If last log index>= nextIndex for a follower,AppendEntries RPC with log entries starting at nextIndex
在发送AE RPCs的时候,检查是否需要发送日志。
注意,不仅仅是发送一条日志,而是从nextIndex[i] 开始一直到末尾的日志。 如果没有日志,也依旧需要发送请求。
发送AE RPC
go
//周期心跳函数
func (rf*Raft) cycleAppendEntries(){
rf.nextBeatTime = time.Now()
for !rf.killed() {
rf.mu.Lock()
// if the server is dead or is not the leader, just return
if rf.state != Leader{
// 不是leader则终止心跳的发送
rf.mu.Unlock()
return
}
if !time.Now().After(rf.nextBeatTime){
rf.mu.Unlock()
continue
}
for i := 0; i < len(rf.peers); i++ {
if i == rf.me {
continue
}
reply := AppendEntriesReply{}
args := AppendEntriesArgs{
LeaderId : rf.me,
Term : rf.currentTerm,
LeaderCommit: rf.commitIndex,
PrevLogIndex: rf.nextIndex[i] - 1,
}
flag := false
//如果发送时,发现要发送的日志存在于快照中
if args.PrevLogIndex < rf.lastIncludedIndex {
flag = true
//If last log index>= nextIndex for a follower,AppendEntries RPC with log entries starting at nextIndex
}else if rf.ToVirtualIndex(len(rf.logs) - 1) > args.PrevLogIndex {
args.Entries = rf.logs[rf.ToRealIndex(args.PrevLogIndex+1):]

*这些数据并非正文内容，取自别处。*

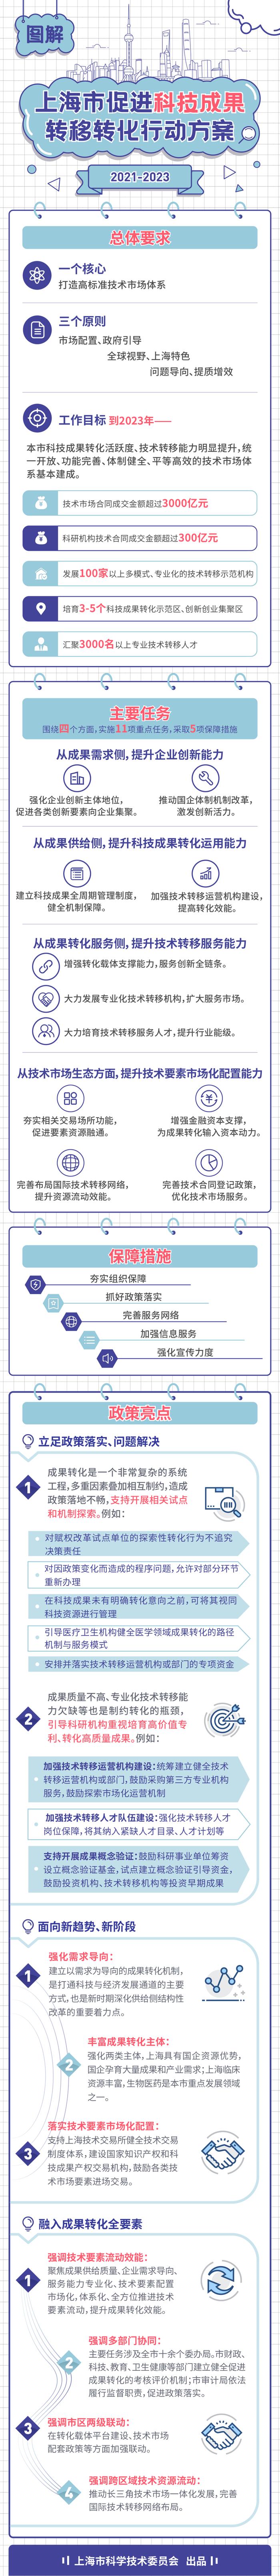 技术市场合同成交金额超三千亿 上海这份三年行动计划有哪些目标

DPrintf("Server %v Send AE Args %v To %v",rf.me,args,i)
}else {
args.Entries = make([]LogEntry,0)
}
if flag {
go rf.SendInstallSnapshot(i)
}else{
args.PrevLogTerm = rf.logs[rf.ToRealIndex(args.PrevLogIndex)].Term
go rf.SendAppendEntries(i,&args,&reply)
}
}
rf.nextBeatTime = time.Now().Add(time.Duration(HeartBeatInterval)*time.Millisecond)
rf.mu.Unlock()
}
}处理AE RPC
此处紧紧跟着figure2的描述。下面是个人理解的每一句话,这些都要在代码中体现。注意,图中Reply false是立即返回的意思。
- Reply false if term < currentTerm
- Reply false if log doesn't contain an entry at prevLogIndex whose term matches prevLogTerm
此处是进行一致性检查,一致性检查就像是一个归纳步骤一样,从一开始,就检查上一个日志是否正确,然后才进行日志追加,所以到后面任意一条日志,都只需要检查前一个index是否存在Term即可。- If an existing entry conficts with a new one(same index but different terms) delete the existing entry and all that follow
注意,前提是PrevIndex 与 PrevTerm匹配,才走到这。- append any new entries not already in the log
此处需要格外注意 "new"这个词。虽然上两步成功了,但是不排除这是旧的PRC,因此需要判断Follower中的日志,与args中的日志谁更新。- If leadrCommit > commitIndex, set commitIndex = min(leaderCommit,index of last new entry)
go
func (rf*Raft) HandlerAppendEntries(args*AppendEntriesArgs, reply * AppendEntriesReply){
rf.mu.Lock()
// 1. Reply false if term < currentTerm
if args.Term < rf.currentTerm {
DPrintf("Old Leader %v ",args.LeaderId)
reply.Success = false
reply.Term = rf.currentTerm
rf.mu.Unlock()
return
}
//All Servers: If RPC request or resopnse contains term T > currentTerm: set currentTerm = T, convert to follower
//有效的投票,或者有效的AE,都要更新时间戳
rf.stamp = time.Now()
if args.Term > rf.currentTerm {
rf.currentTerm = args.Term
rf.state = Follower
rf.voteNum = 0
rf.votedFor = None
rf.persist()
}
DPrintf("Server %v Term:%v\n",rf.me,rf.currentTerm)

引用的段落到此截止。